De lo complejo a lo básico
12 Years a Slave viene a representar el miedo de todo cinéfilo que se entusiasma con un determinado realizador. En este caso, el prometedor Steve McQueen, quien debutó con la impresionante Hunger (2008), película que para muchos es una de las mejores óperas primas del comienzo de este siglo XXI. Luego McQueen retomaría la acción con la polémica Shame (2011), donde repitió a Michael Fassbender en el protagónico y lo volvió a llevar al extremo con su actuación, permitiéndole al actor alemán brindar una de las mejores performances de su carrera, sino la mejor.
El riesgo tanto artístico como narrativo son características fundamentales del éxito de estas dos notables obras, siendo Hunger una película de una intensidad visual que difícilmente este director inglés pueda volver a alcanzar, mientras que el humanismo impreso en el trabajo con los actores en Shame, más una o dos escenas memorables (el que la vio, no pudo haber quedado indiferente ante Carey Mulligan cantando “New York, New York” en primerísimo primer plano), será recordado como otro punto alto en su temprana carrera.
Y con ese bagaje llega esta nueva película suya, que se traduce en una desilusión total. 12 years a slave es académica, básica, melodramática, exagerada y excesiva en todos los sentidos. Es una película que McQueen, más del palo indie, seguramente la hizo pensando en la temporada de premios. Y no sorprende que sea una de las más nominadas para los Oscar, ni que haya ganado el premio a Mejor Película en los Globo de Oro, y que probablemente gane tantos otros premios más.

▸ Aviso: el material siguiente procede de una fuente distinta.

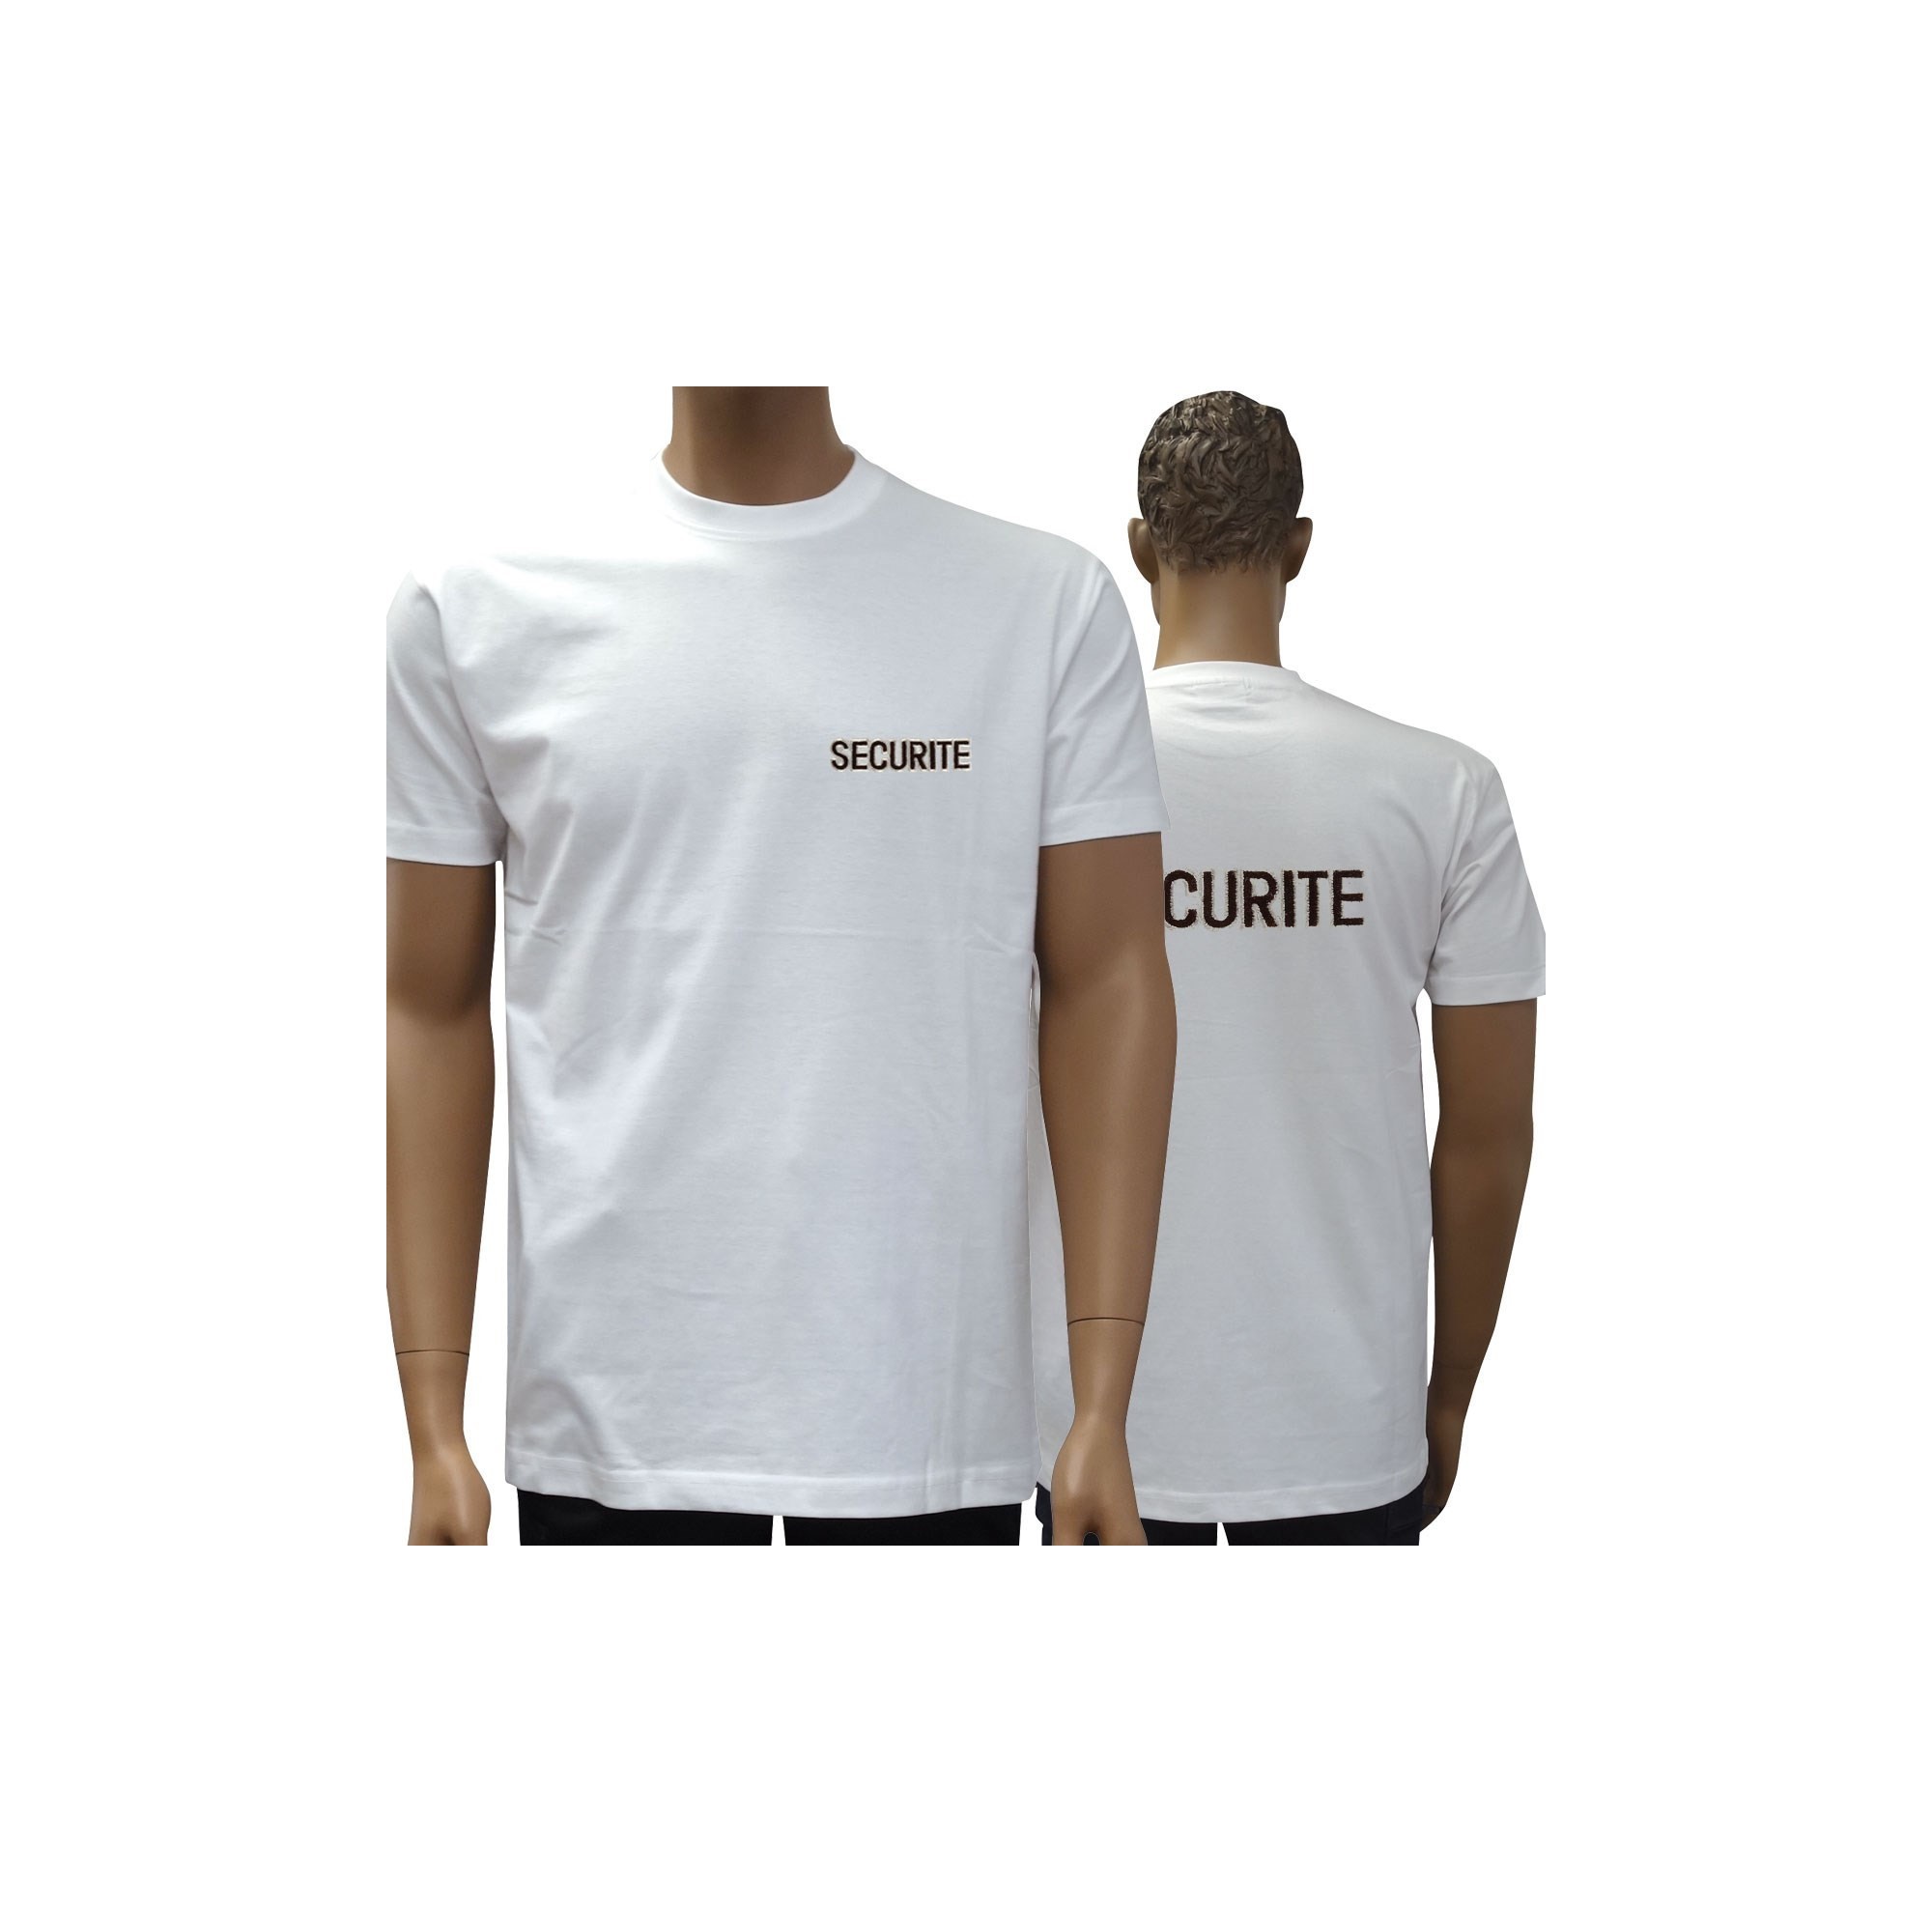 TEE SHIRT BLANC BRODE  SECURITE MANCHES COURTES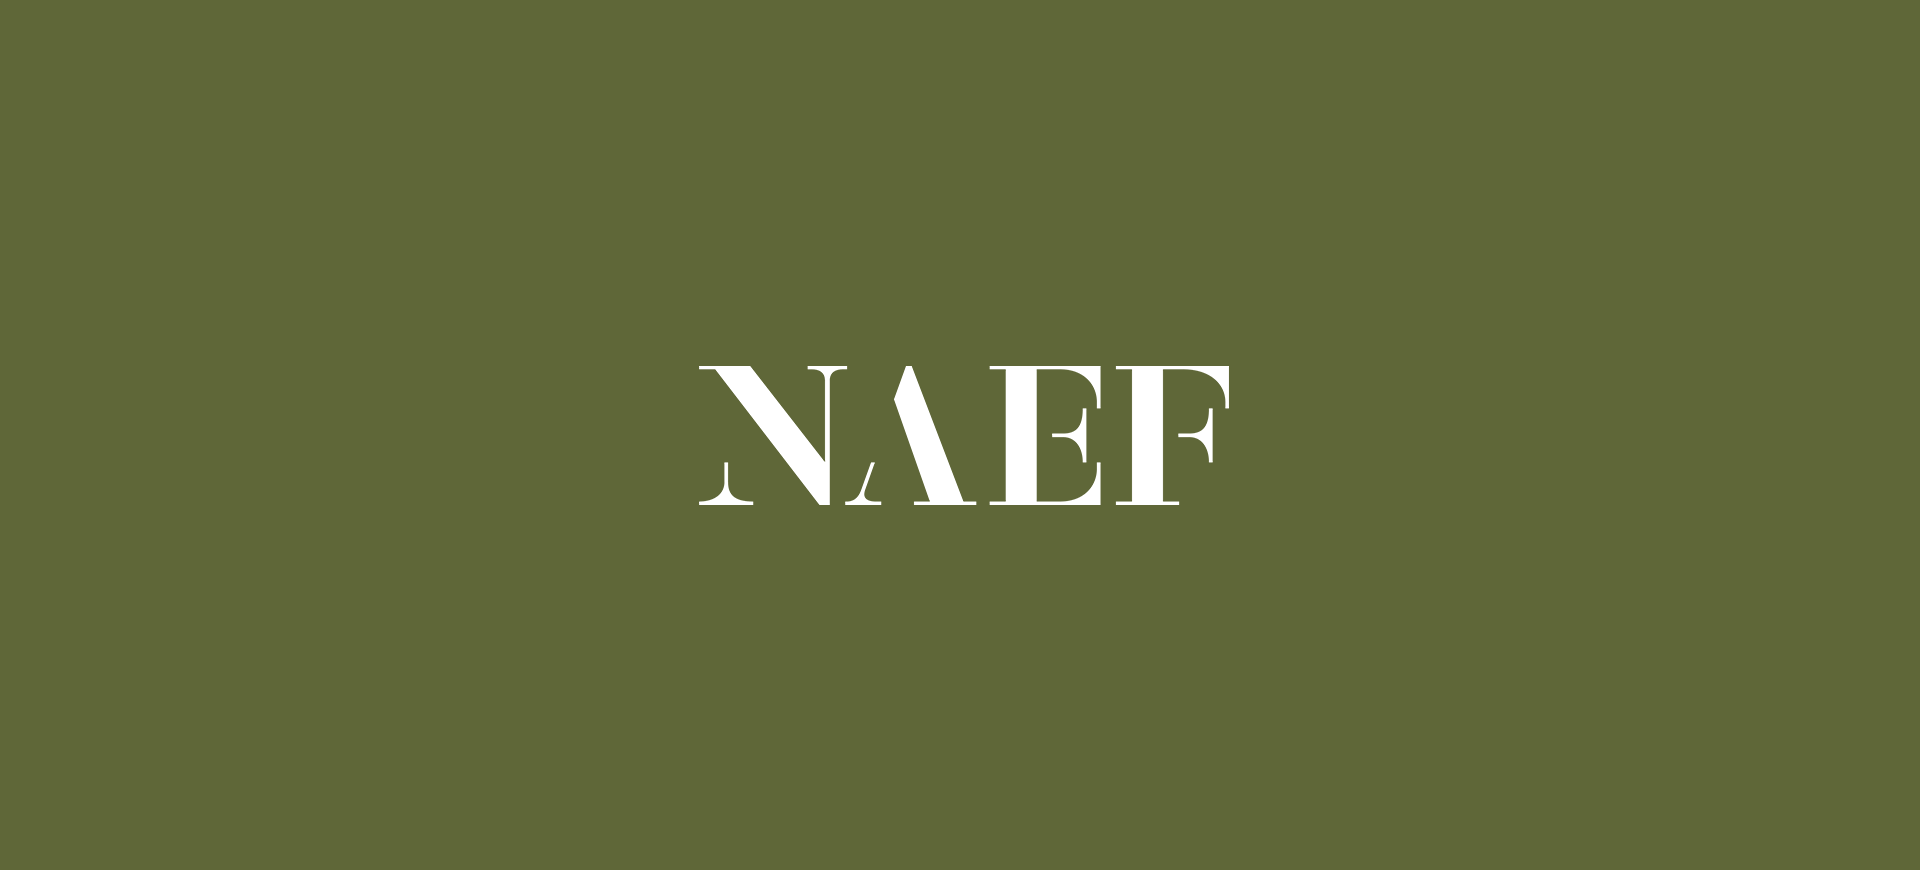 Naef_01

Dentro de su falsa y calculada crudeza (muy alejada de la destreza con la cámara en el hiperrealismo de sus anteriores dos films), se esconde una superficialidad y un tono totalmente amable para con el espectador, que si se deja engañar quedará encandilado con la supuesta intensidad del relato de un hombre afroamericano que es privado de su libertad para trabajar en la zona rural de New Orleans, cuando allí todavía era legal la esclavitud.
Este tipo de películas prácticamente se dirigen solas, en piloto automático. Un drama que hace que cada tanto Estados Unidos reflexione sobre su pasado (y su presente) y haga mea culpa, como si hiciera falta aún, con un desfile de súper-estrellas de Hollywood (sobre)actuando de a ratos como si sólo quisieran formar parte aunque sea un poco de este proyecto destinado a ganarlo todo. Este tipo de películas dan asco.
El único que se salva de la hoguera es, precisamente, Fassbender, quien a tono con el relato teatral y maniqueo siempre está en el mismo nivel y brinda un par de escenas escalofriantes en su actuación. El protagonista, Chiwetel Ejiofor, también se salva bastante, pero sólo por sus escenas con Fassbender (se destaca la charla a la medianoche con ambos abrazados amenazadoramente, sólo iluminados por un candelabro, con uno intentando persuadir al otro sobre una mentira). El resto, todos sobreactuados de forma espantosa e insoportable en sus participaciones, con Brad Pitt, también productor de la película, haciendo de un prototipo de Abraham Lincoln redentor y todopoderoso, como el colmo de los colmos.
Este tipo de películas indudablemente funcionan muy bien en Estados Unidos, tanto para la taquilla como para la temporada de premios, ya que críticos y público con ojo poco entrenado siempre suelen caer en la trampa de este tipo de obviedades en donde cada uno de los elementos del relato están hechos con la única intención de conmover de forma berreta para ganar algún reconocimiento.